Numa built the Ianus geminus (also Janus Bifrons, Janus Quirinus or Portae Belli), a passage ritually opened at times of war, and shut again when Roman arms rested. It formed a walled enclosure with gates at each end, situated between the old Roman Forum and that of Julius Caesar, which had been consecrated by Numa Pompilius himself. About the exact location and aspect of the temple there has been much debate among scholars. In wartime the gates of the Janus were opened, and in its interior sacrifices and vaticinia were held, to forecast the outcome of military deeds. The doors were closed only during peacetime, an extremely rare event. The function of the Ianus Geminus was supposed to be a sort of good omen: in time of peace it was said to close the wars within or to keep peace inside; in times of war it was said to be open to allow the return of the people on duty.

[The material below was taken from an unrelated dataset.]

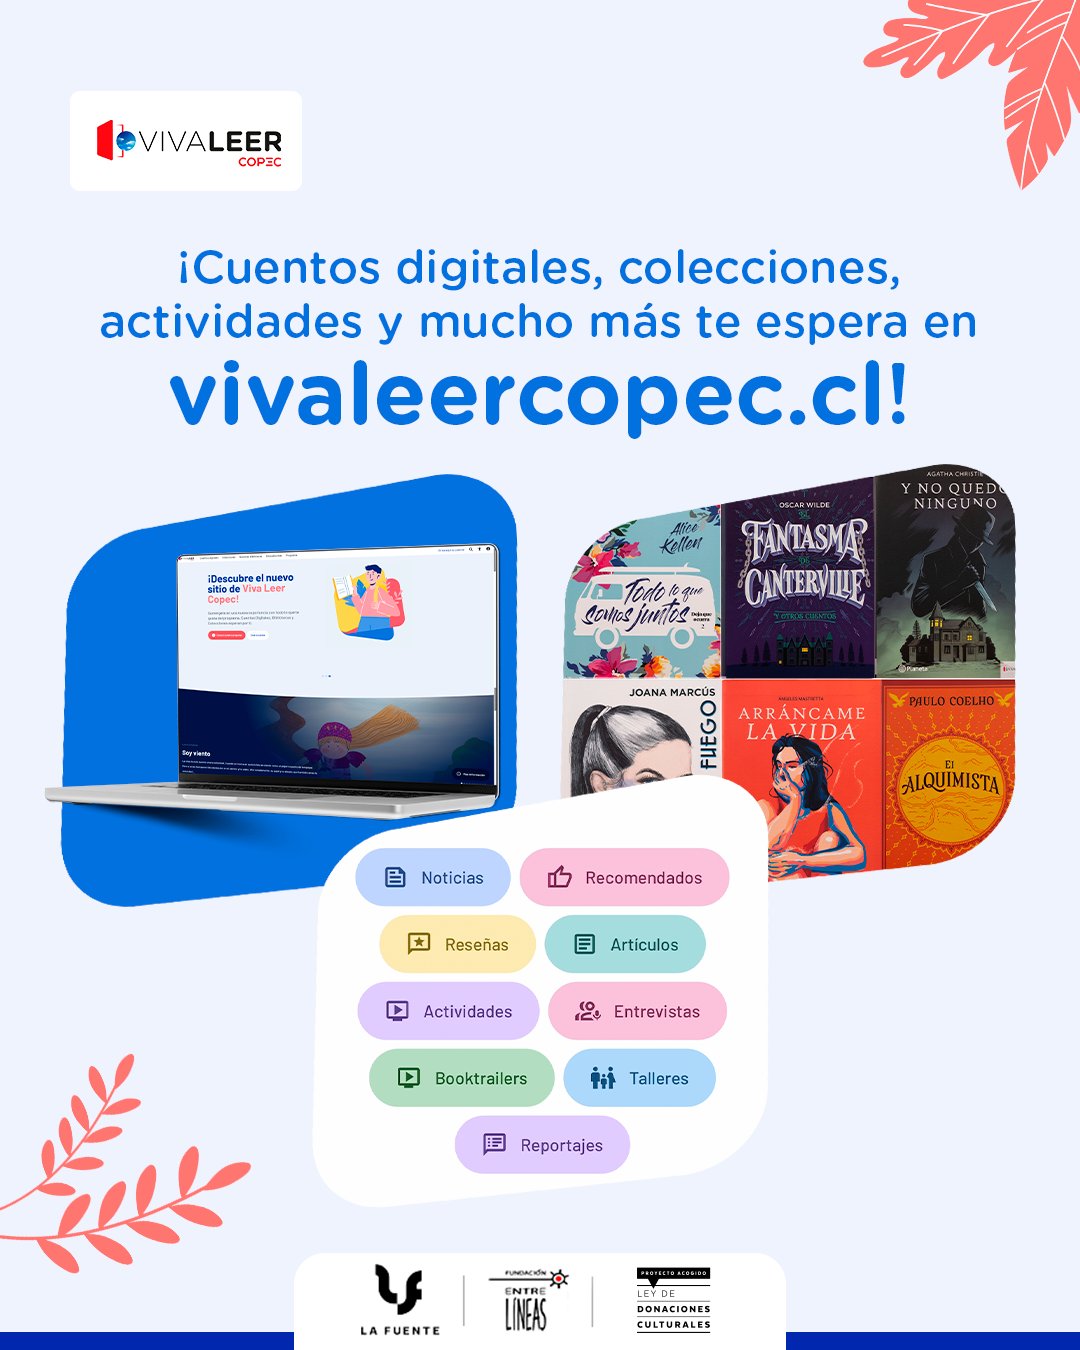 Viva Leer Copec - Cuentos, Bibliotecas, Colecciones

A temple of Janus is said to have been consecrated by the consul Gaius Duilius in 260 BC after the Battle of Mylae in the Forum Holitorium. It contained a statue of the god with the right hand showing the number 300 and the left the number 65—i.e., the length in days of the solar year—and twelve altars, one for each month.

The four-sided structure known as the Arch of Janus in the Forum Transitorium dates from the 1st century of the Christian era: according to common opinion it was built by the Emperor Domitian. However American scholars L. Ross Taylor and L. Adams Holland on the grounds of a passage of Statius maintain that it was an earlier structure (tradition has it the Ianus Quadrifrons was brought to Rome from Falerii) and that Domitian only surrounded it with his new forum. In fact the building of the Forum Transitorium was completed and inaugurated by Nerva in AD 96.

== Cult epithets ==
Another way of investigating the complex nature of Janus is by systematically analysing his cultic epithets: religious documents may preserve a notion of a deity's theology more accurately than other literary sources.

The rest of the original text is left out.